Ciprofloxacin und andere Fluorchinolone sind in vitro wirksam gegen bestimmte Rickettsien, aber nur sehr wenige klinische Erfahrungen sprechen für die Verwendung von Fluorchinolonen bei RMSF.

Da schwerkranke Patienten mit RMSF oder epidemischem Typhus in späteren Stadien eine ausgeprägte Erhöhung der Kapillarpermeabilität aufweisen können, sollten vorsichtig Infusionslösungen gegeben werden, um den Blutdruck zu stabilisieren, ohne ein Lungen- und Hirnödem zu verschlimmern.

Literatur zur Therapie

  1. 1. Todd SR, Dahlgren FS, Traeger MS, et al: No visible dental staining in children treated with doxycycline for suspected Rocky Mountain Spotted Fever. J Pediatr 166(5):1246-51, 2015. doi: 10.1016/j.jpeds.2015.02.015. Epub 2015 Mar 17. PMID: 25794784.

Wichtige Punkte

  • Rickettsiose und verwandte Krankheiten (Anaplasmose, Ehrlichiose, Q-Fieber, Buschfieber) werden durch eine Gruppe von gramnegativen, obligat intrazellulären Coccobazillen verursacht; alle, mit Ausnahme von Coxiella burnetii, haben einen Arthropodenvektor.

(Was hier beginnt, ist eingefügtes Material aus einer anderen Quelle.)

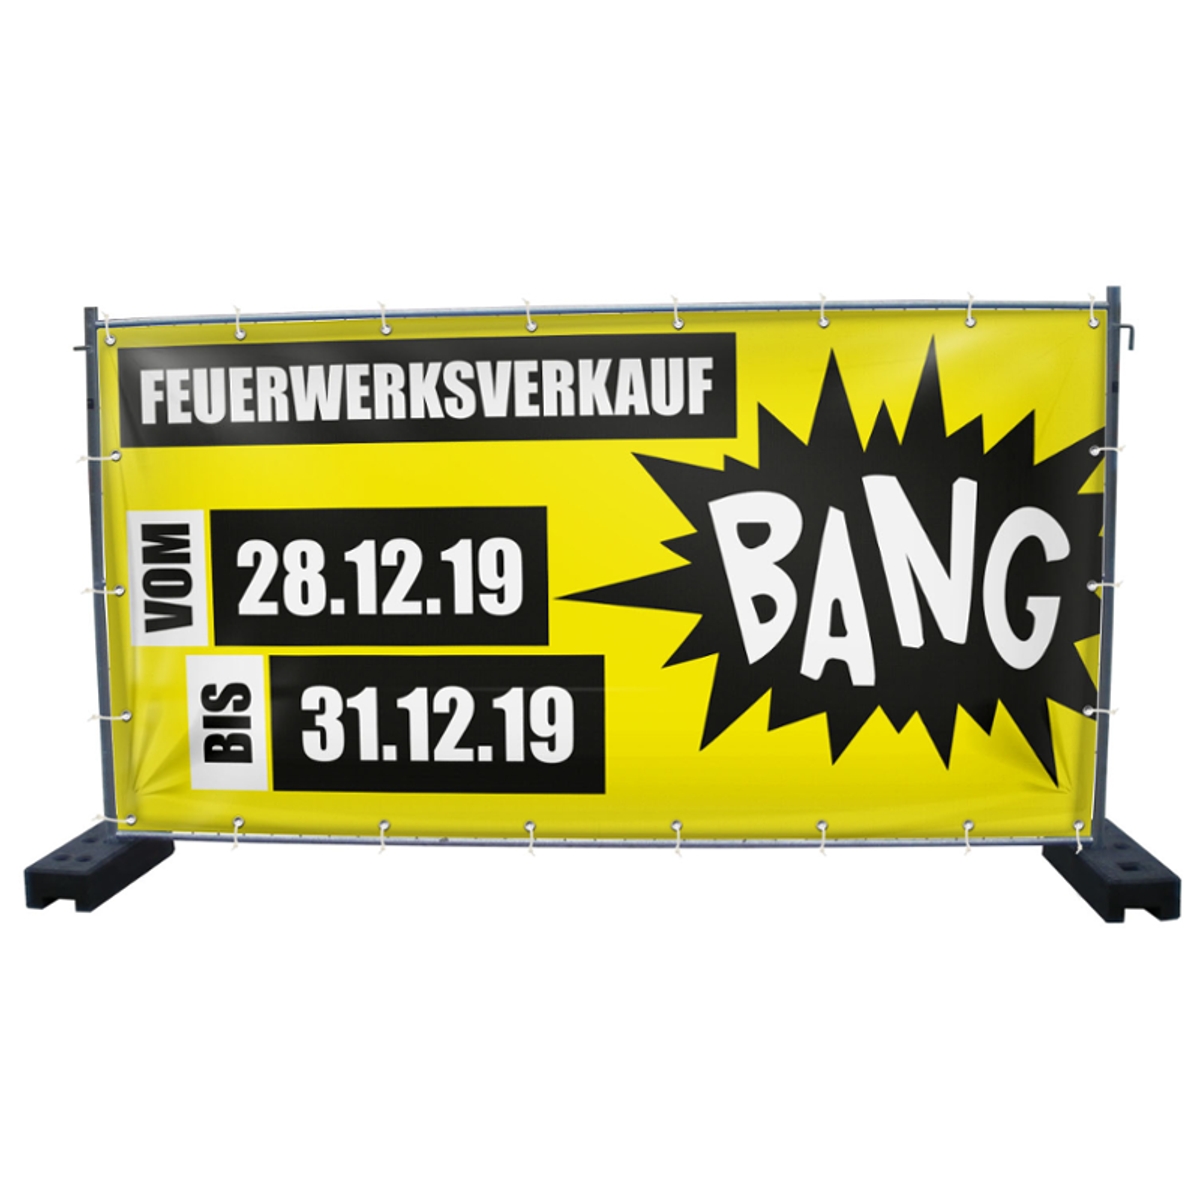 340 x 173 cm | Feuerwerksverkauf Bauzaunbanner (2164)

  • Rickettsienerkrankungen verursachen Fieber und, abhängig von der Krankheit, manchmal eine lokale Läsion (Schorf), petechialen Hautausschlag, regionale Lymphadenopathie, enzephalitische Zeichen, Vaskulitis, Gangrän der Haut und Gewebe, Organdysfunktion und Gefäßkollaps.

  • Unterscheiden Sie Rickettsiose und verwandte Krankheiten von anderen akuten Infektionen und voneinander aufgrund der Vorgeschichte, der klinischen Merkmale und der Testergebnisse (z. B. Biopsie mit indirektem Immunfluoreszenztest, serologische Tests, Polymerase-Kettenreaktion).

  • Behandeln Sie mit Antibiotika, ohne auf diagnostische Testergebnisse zu warten, um eine signifikante Verschlechterung, den Tod und eine verlängerte Genesung zu verhindern.

  • Die Erstlinienbehandlung erfolgt mit Doxycyclin.